▶ _Materials provided_:
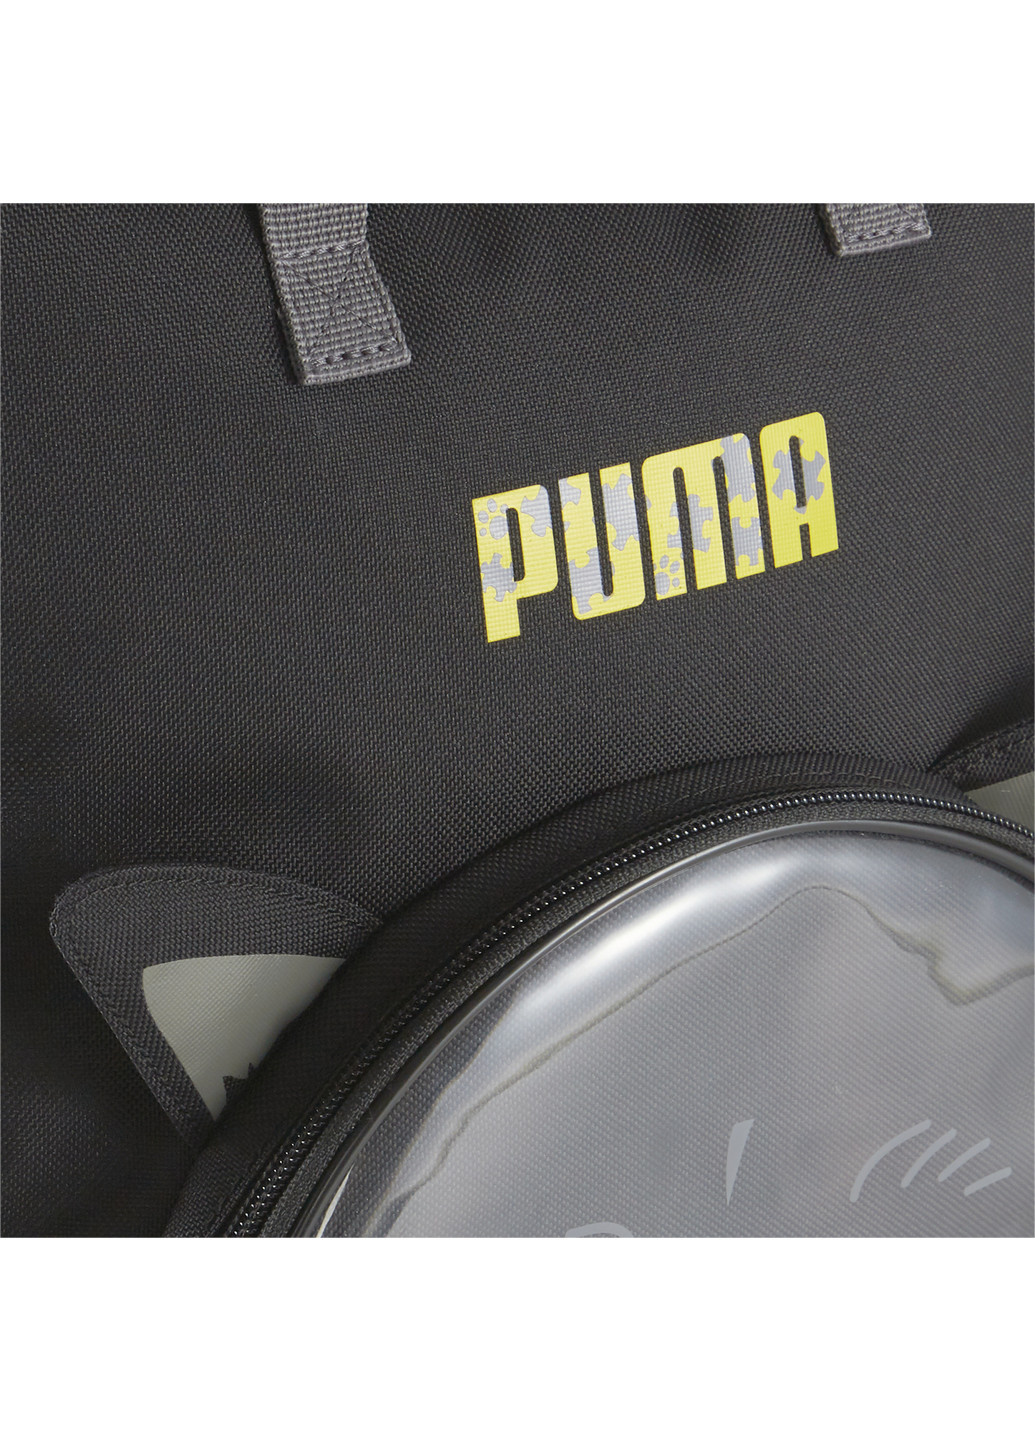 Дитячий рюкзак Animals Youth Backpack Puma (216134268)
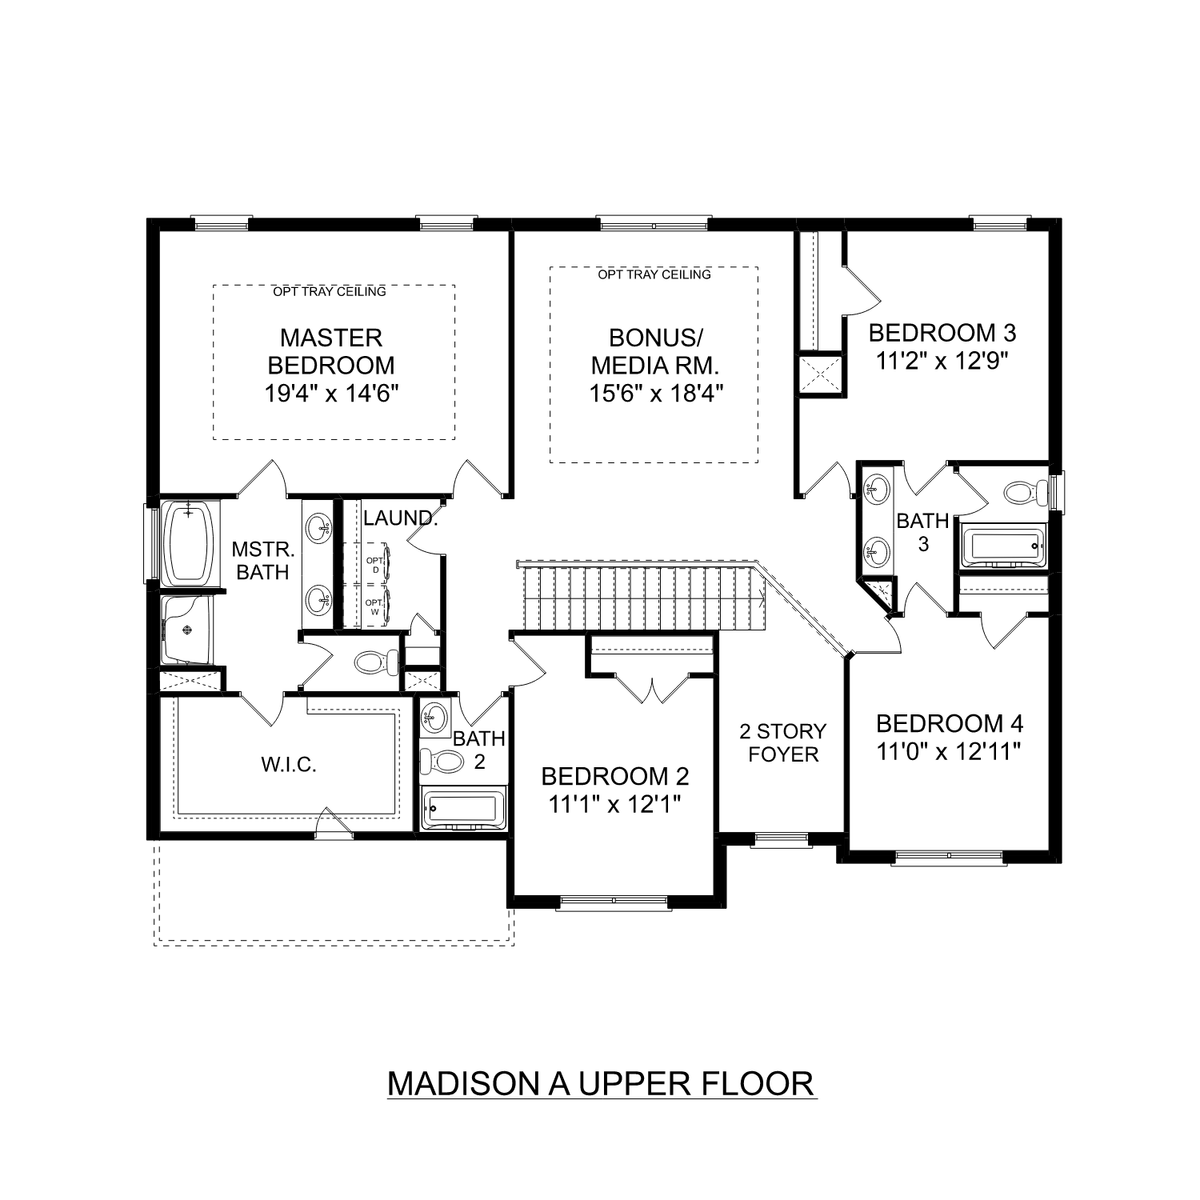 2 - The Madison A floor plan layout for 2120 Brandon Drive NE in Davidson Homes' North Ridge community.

* * *

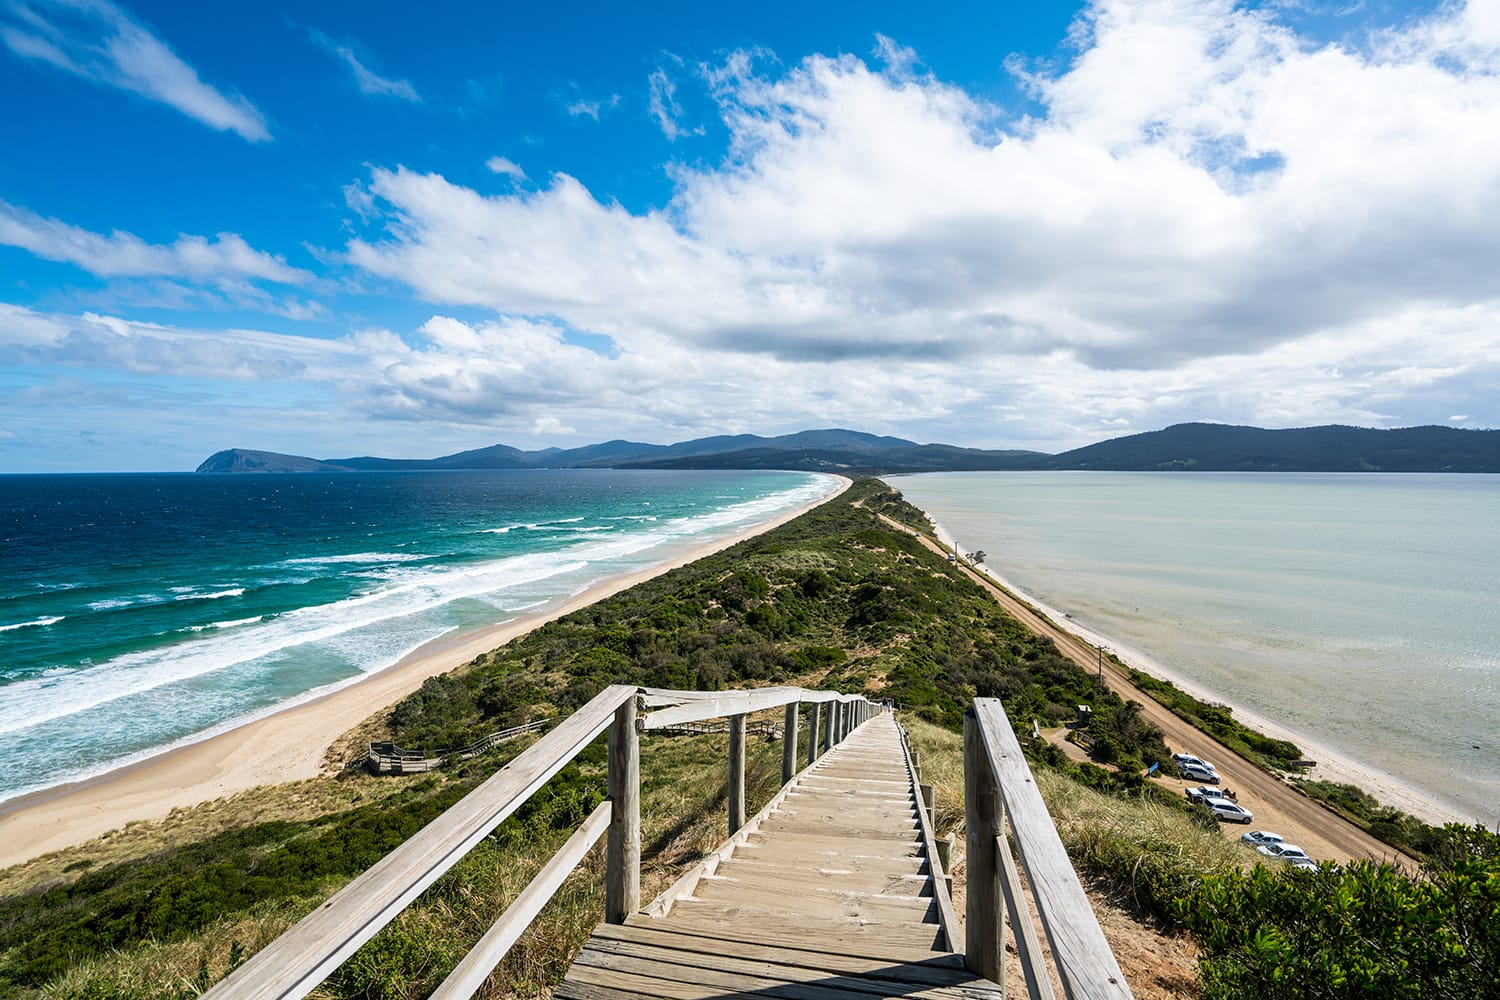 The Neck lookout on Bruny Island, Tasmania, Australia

▶ _Task statement_:
Reproduce the listing above from the line that holds "Дитячий рюкзак Animals" through the line that holds "2 - The Madison", both included, with the pictures left out.

▶ _Solution for this task_:
 Дитячий рюкзак Animals Youth Backpack Puma (216134268)
 2 - The Madison A floor plan layout for 2120 Brandon Drive NE in Davidson Homes' North Ridge community.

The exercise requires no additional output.